I do encourage writing down a thought or two about each day, much as one might in a diary. Sure, a diary can be a private writing that is not meant for others to read. Ideas, principles, purposes and plans are interesting to me and I like to use this modern medium of personal publishing to put my writing out where it can be seen. When I do that, I get some very good returns and that is after reaping the value of selecting what I want to write about and putting down some words that more or less transmit what is on my mind.
The value of composing words to convey thoughts and feelings is easy to underestimate, I think. I suppose that having a practice of mindfulness and a commitment to look carefully for what gifts and beauties there are to enjoy gives me a good chance of noticing something funny or poignant or sacred. It is an old idea that living a good time, and then re-living it while thinking what it was and how it got my funny bone, is a way to live important moments twice.
But it also easy to underestimate the value of taking a look at what others are doing and saying. Today, I met Ruth Graham, an independent writer and former editor. She has a blog. I also follow from time to time Zia Yang, who also has a blog. Blog writers are often younger than I am and are not retired. They may be parents of young children, or busy trying to earn a living completing writing projects of all sorts. There are dozens of reasons why it may have been many days since the last time a post was posted.

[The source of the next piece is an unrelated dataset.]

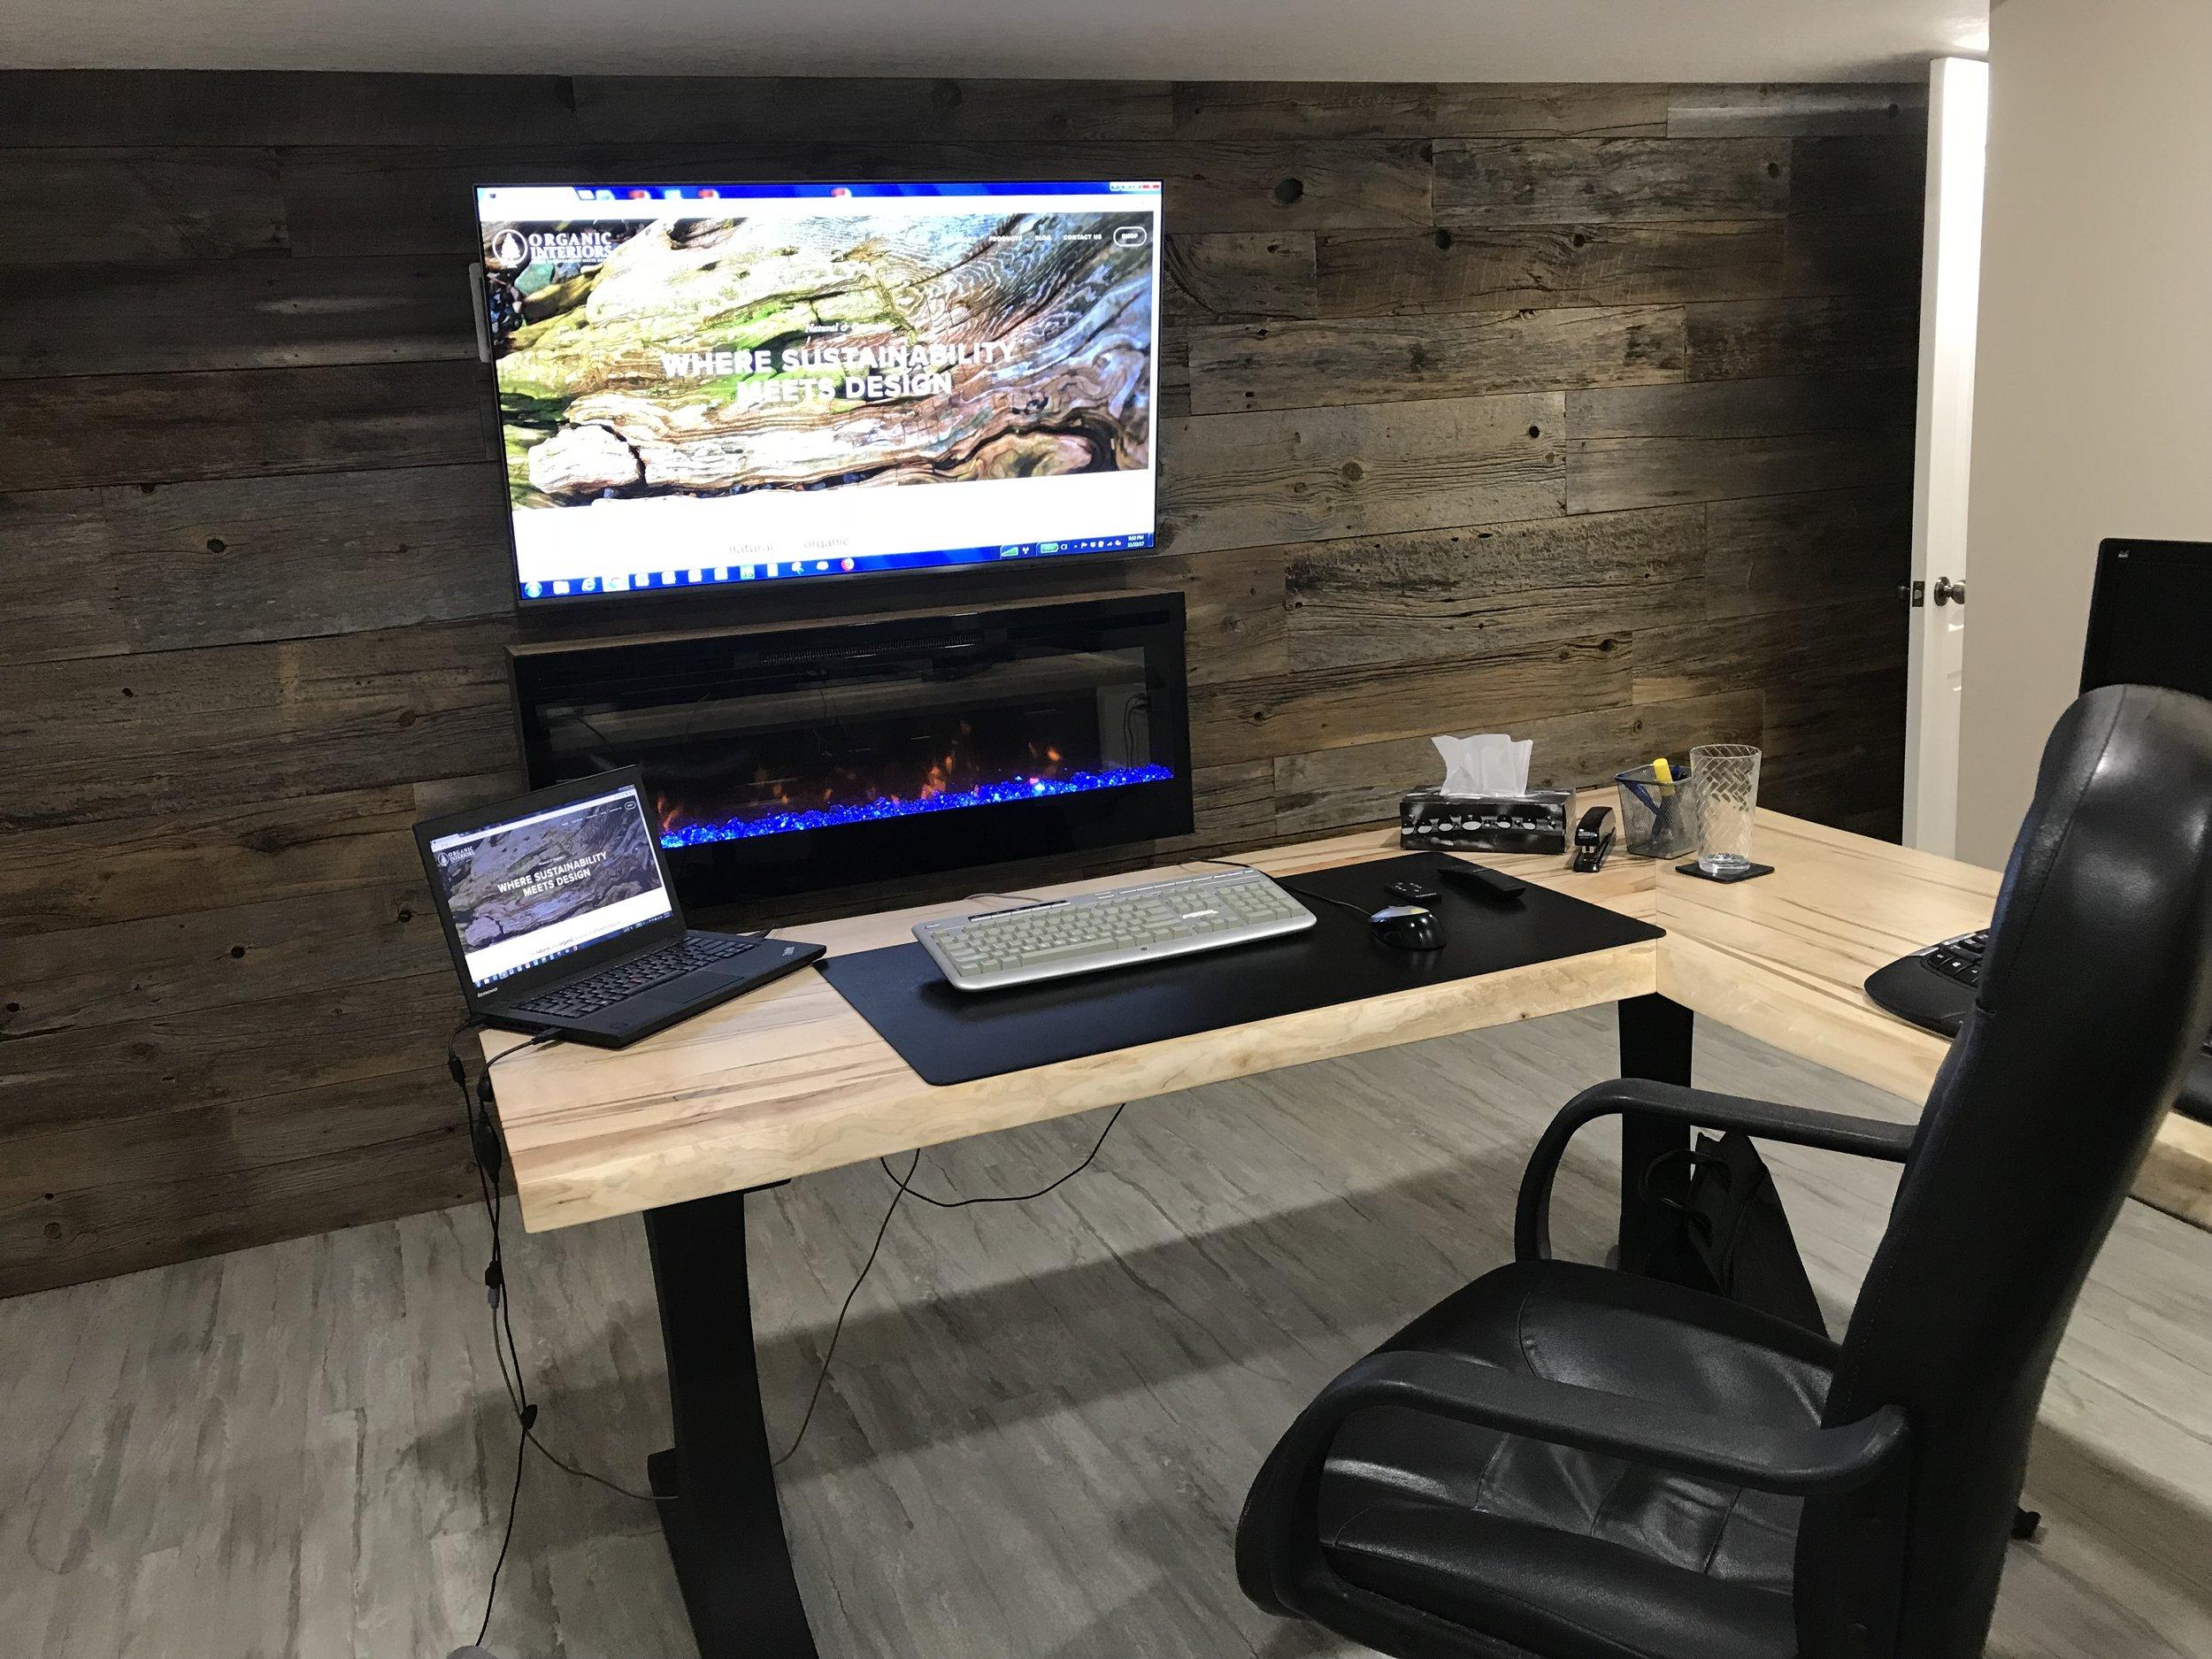 deskdan2.jpg

The typical shock a writer sees when noticing the date of their last post is enough to bring out feelings of guilt and internal accusations of laziness and guilty undependability. "It's been that long since I last wrote!" Whether you read an old diary or a kindergarten poem or a teen love letter, it is ok that time has gone by since you last wrote. If you focus on the fact that you have returned to your blog or your photography or your novel, you may be able to taste your steadiness and conquest of time. No need for apologies. Put that energy into a nice statement of what has happened in the interim or into a subject that has attracted your attention since.